Web Services
By carefully looking again the preceding example,
you will observe that there is a requestor or a consumer—that is you. There is also a service, the pharmacy store.
The central database of information is the Internet, through which you find the location of the pharmacy. In the example,
when you fire a search in the search engine, your request is wrapped in a structure, whose language is
predetermined and localized, and then passed onto the server running the search engine.
In Web Services, SOAP, UDDI, and WSDL play the roles mentioned in these steps.
SOAP (Simple Object Access Protocol) is the method by which you can send messages across different modules.
This is similar to how you communicate with the search engine that contains an index with the Web sites registered
in the index associated with the keywords.
UDDI (Universal Description, Discovery, and Integration) is the global look up base for locating the services.
This is analogous to the index service for the search engine, in which all the Web sites register themselves
associated with their keywords. It maintains a record of all the pharmacy store locations throughout the country.
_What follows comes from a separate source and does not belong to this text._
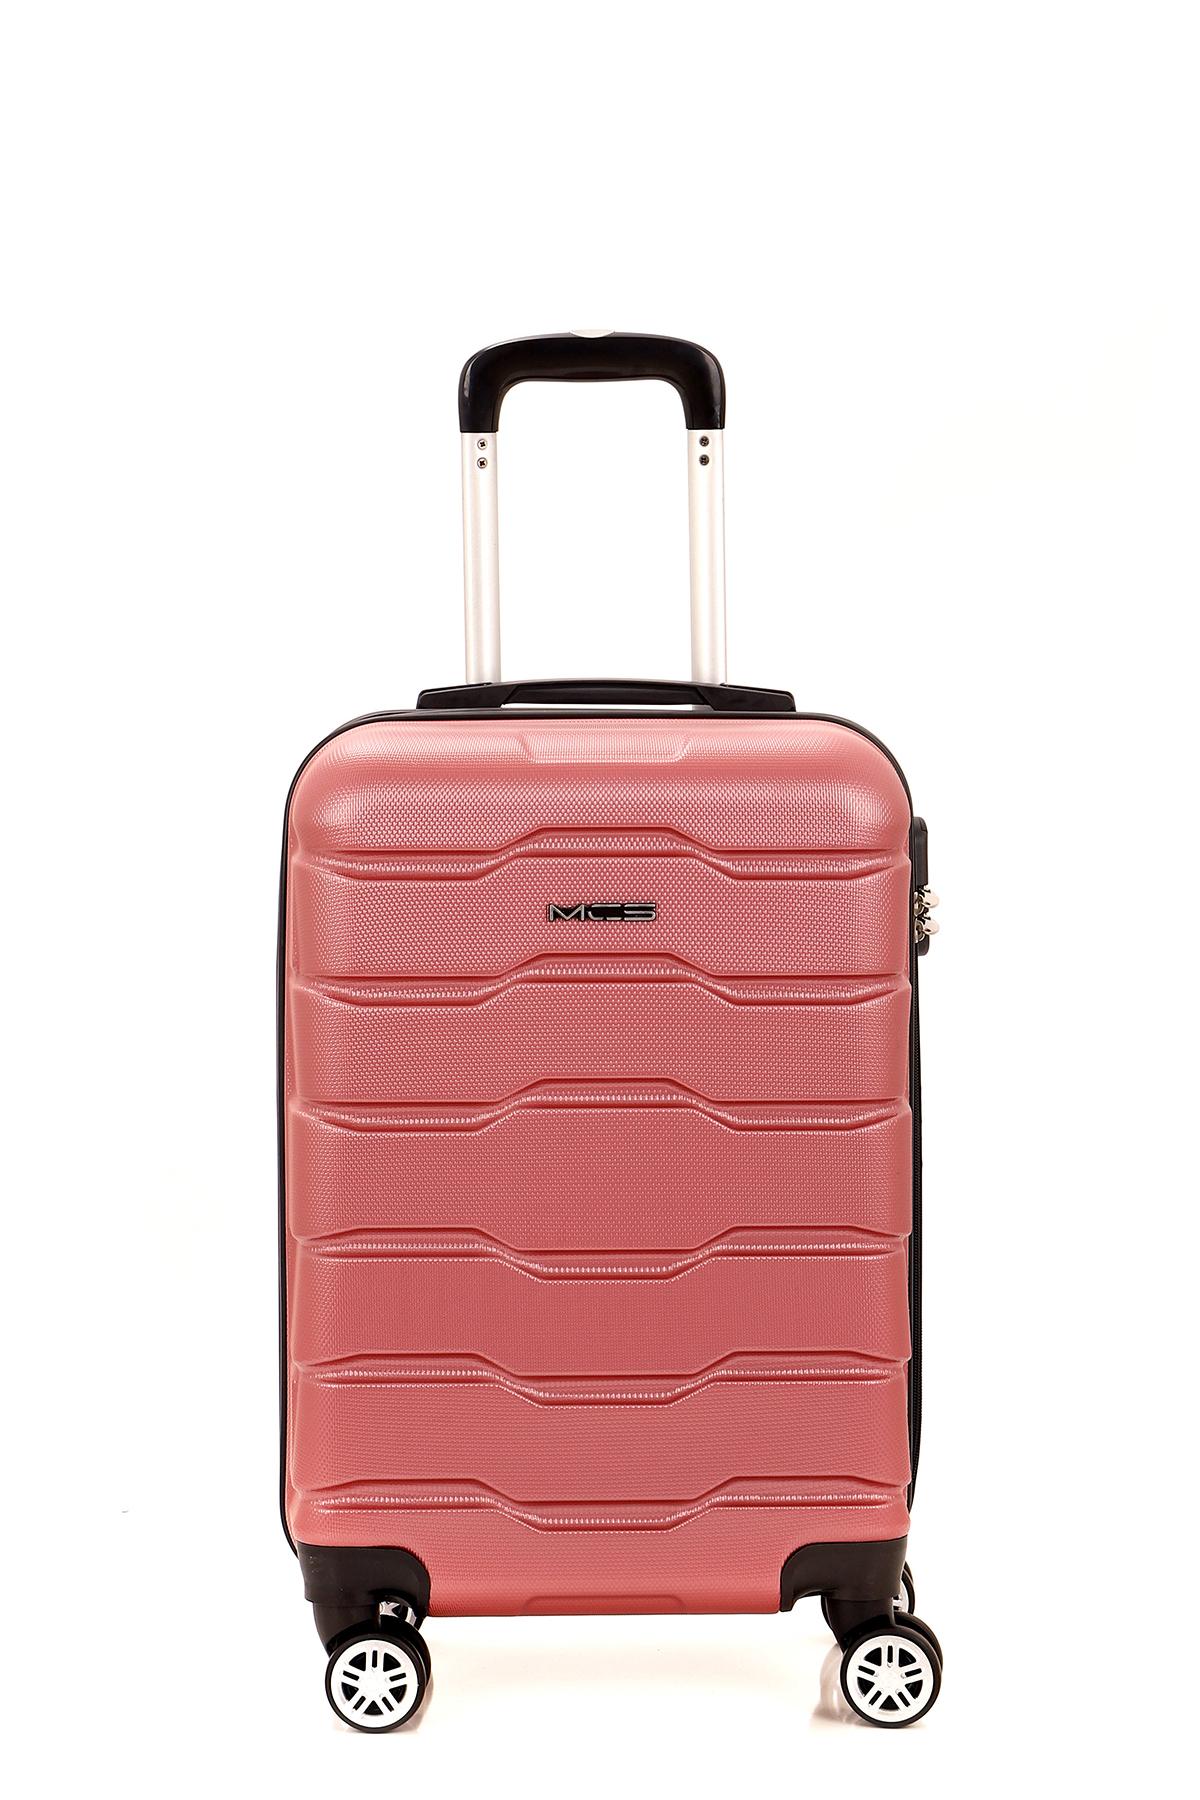 MCS Kofer V302 roze S 55cm
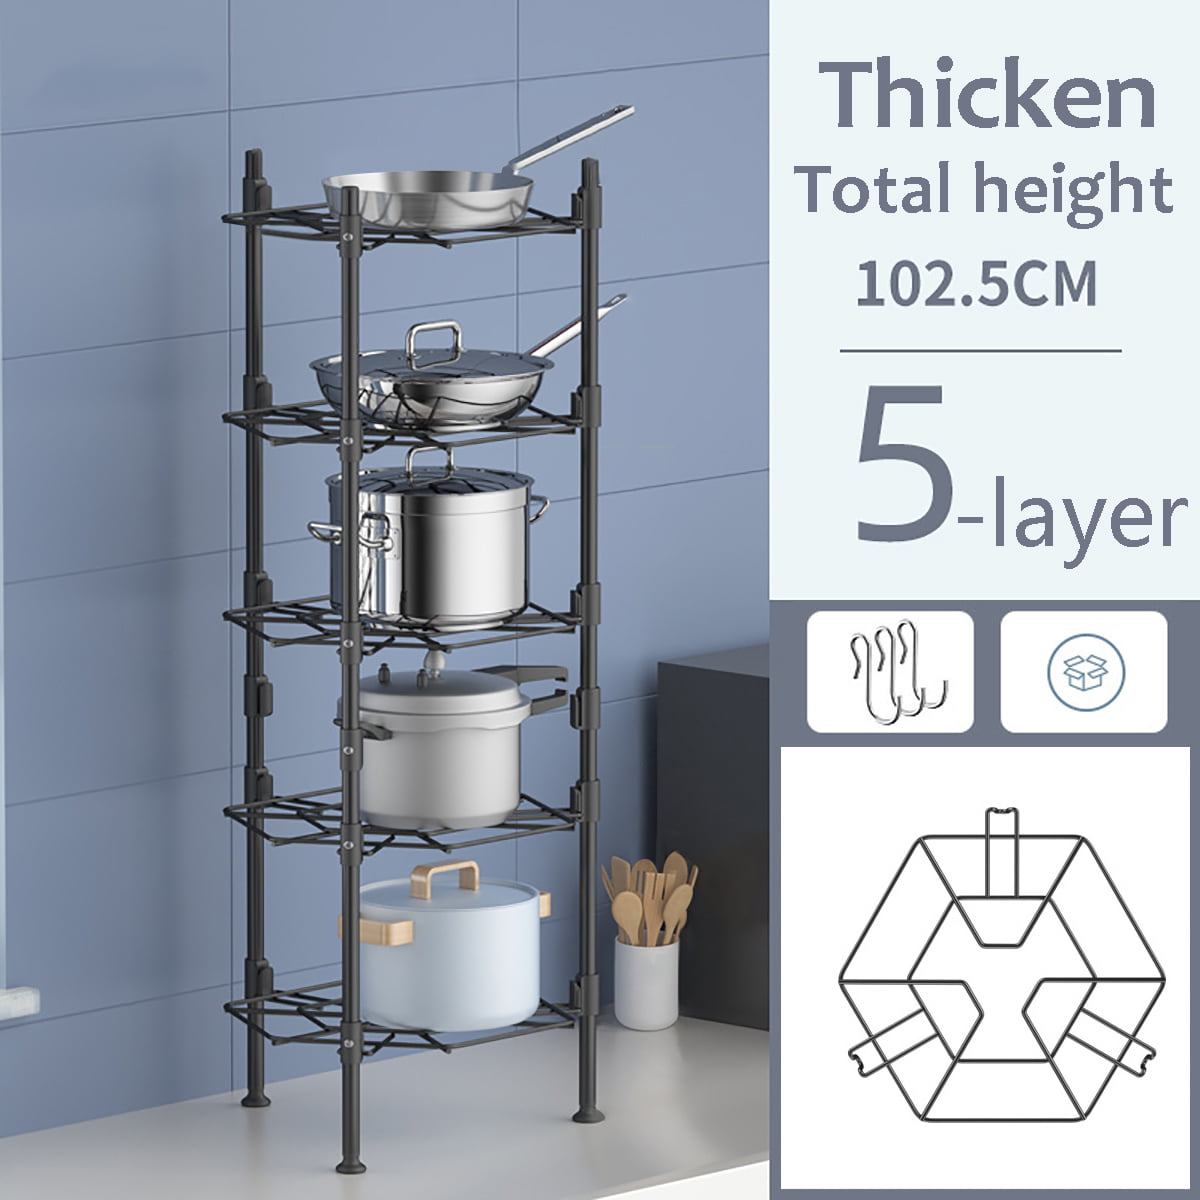 Chrome Kitchen 3/5 Tier Pot Pan Saucepan Rack Holder Organiser Stand Tidy Shelf

WSDL (Web Services Definition Language) is the method through which different services are described in the UDDI.
This maps to the actual search engine in the example.

The preceding example is just a simplified form of the Web Services environment.
The scope of Web Services includes a lot more.
In short, Web Services in the business world provides a mechanism of communication between two remote systems,
connected through the network of the Web Services. Thus, in case of a merger or an acquisition, companies don't have to
invest large sums of money developing software to bring the systems of the different companies together. Instead they can
just extend the business applications as Web Services and the information systems of different companies can be easily linked.
These business systems then can be accessed by using simple SOAP messages over the normal HTTP Web protocol.